He reminded himself that that was the angry pig headed side of him that probably shouldn't be indulged. He would get off at Groton-on-Ware where he probably would be safe and he wouldn't have to deal with the Dursley's, and when he thought logically about it Snape, or what ever had been arranged for him was probably better than the Dursley's.
The station at which the train pulled in was little more than a raised yellow brick platform with a few broken down benches and a weathered sign. A dirt road ran by the platform to the left, and thick dark trees obscured the rest of the area. Harry could hear a river somewhere to his left and scattered in the distance were faint lights.
Harry collected his trunk, Hedwig, and dragged himself off the train. The air outside was thick and soupy. His throat stung from the sudden readjustment from the cold air-conditioned coach.
Then he looked around as the train rattled off suddenly feeling very stupid. He was standing alone on a platform in the left of nowhere in Yorkshire waiting for somebody, and the platform was empty. One of the lights flickered and in the distance Harry could head some kind of animal rustling in the underbrush. He stiffened. He put his trunk and Hedwig's cage down and carefully fingered his wand in his back pocket.
"Harry Potter?" Some one suddenly said to his left. " Lets see in then"
"See what?" Harry snapped. It took most of his will power to throw a hex at who ever this was.
Harry found himself facing a small, skinny, black haired woman with dark brown eyes, and an unpleasantly familiar narrow face. She was dressed in black workpants, work boots, and a dark sweatshirt despite the midsummer heat. She might have been rather pretty if her small thin mouth had not been set into an unpleasant sneer.
"Your scar. And give me the letter"
"Letter?"
Harry, still holding Hedwig's cage tightly in one hand, and supporting his trunk with the other, shook his head sideways in an effort to move his hair off his forehead. He failed and the woman leaned in uncomfortably close to him, and roughly brushed the hair off his forehead with a grubby finger before leaning back. Harry felt her rough finger brush over his scar. The woman stank of chemical fertilizer and hothouse flowers. The smell made his empty stomach lurch.
"The one Severus sent you," she said apparently not caring about the effect her sudden unexpectedly intimate touch had on Harry.
Harry flinched at the casual use of his Potion's Professor's first name, but handed the letter over. The woman turned it over between her long fingers and gingerly opened in read it and then stuffed it into the back pocket of her work pants
She nodded to Harry obviously satisfied with the results of both him and the parchment, but she did not look any less sullen.
"Abigail Adler" she said without further preamble " Cars' over there"

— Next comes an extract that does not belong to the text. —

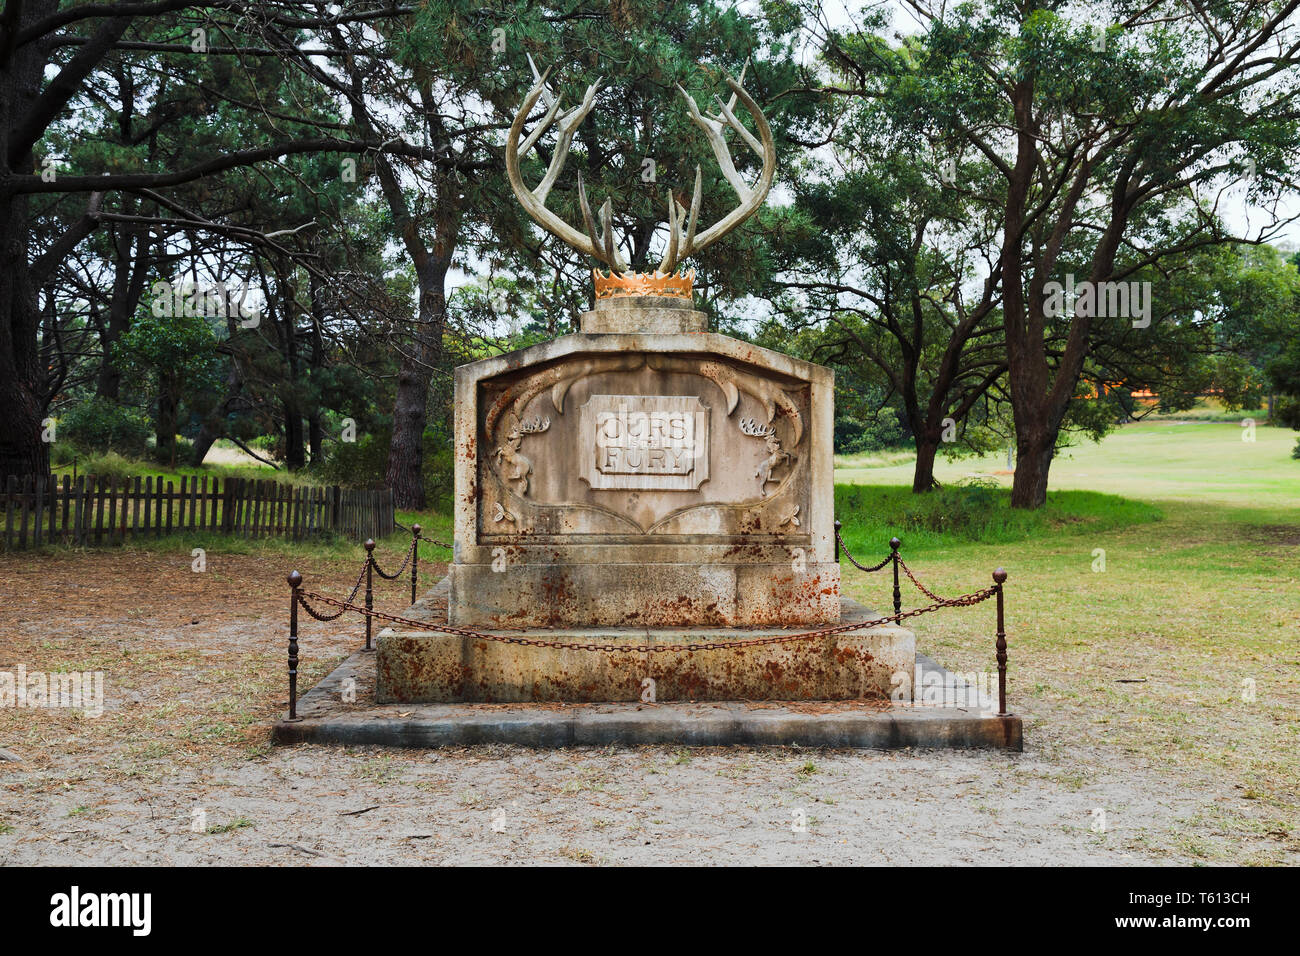 Sydney, Australien - 14 April 2019: Friedhöfe von Zeichen aus der populären TV-Show Spiel des Thones. Öffentliche unticketed Ereignis in Sydney Centennial Park wit Stockfoto

Harry didn't budge; he was again struck by the unpleasant sense of familiarity with the woman, as well as a profound sense of distrust. " How do I know your not one of Voldemort's agents" He blurted, and was surprisingly relieved when Ms. Adler didn't flinch at You-Know-Who's name. She in fact didn't even bat an eyelid.
She swung her black hair over her shoulder with a neat flick of her head and scuffed her black work boots against the dirt in annoyance. "Would a death eater drive a pile of shite like that?" She cocked her head over at the car; a yellow Fiat missing half it's front bumper. Harry had to admit a death eater would not drive a pile of shite like that. A death eater would in fact not drive at all.
"Can I see you arms? Please?"
"My arms?"
"For the mark"
"Don't be an arse Potter. I'm a just a mere muggle." She spat at him. But she still rolled up the sleeves of her sweatshirt. No mark, just smears of dirt, grease and dead plant matter. She rolled her sleeves back down.
That matter settled Ms. Adler helped Harry load his trunk into the boot of the tiny Fiat, and then strapped it closed with bungee cords, as the car's boot could not contain Harry's school truck with out help. Hedwig's cage with Hedwig inside went on the cramped back seat and Harry got into the passenger's side next to Ms. Adler. Hedwig hooted indignantly at him as he pushed his seat back further in an attempt to get more legroom.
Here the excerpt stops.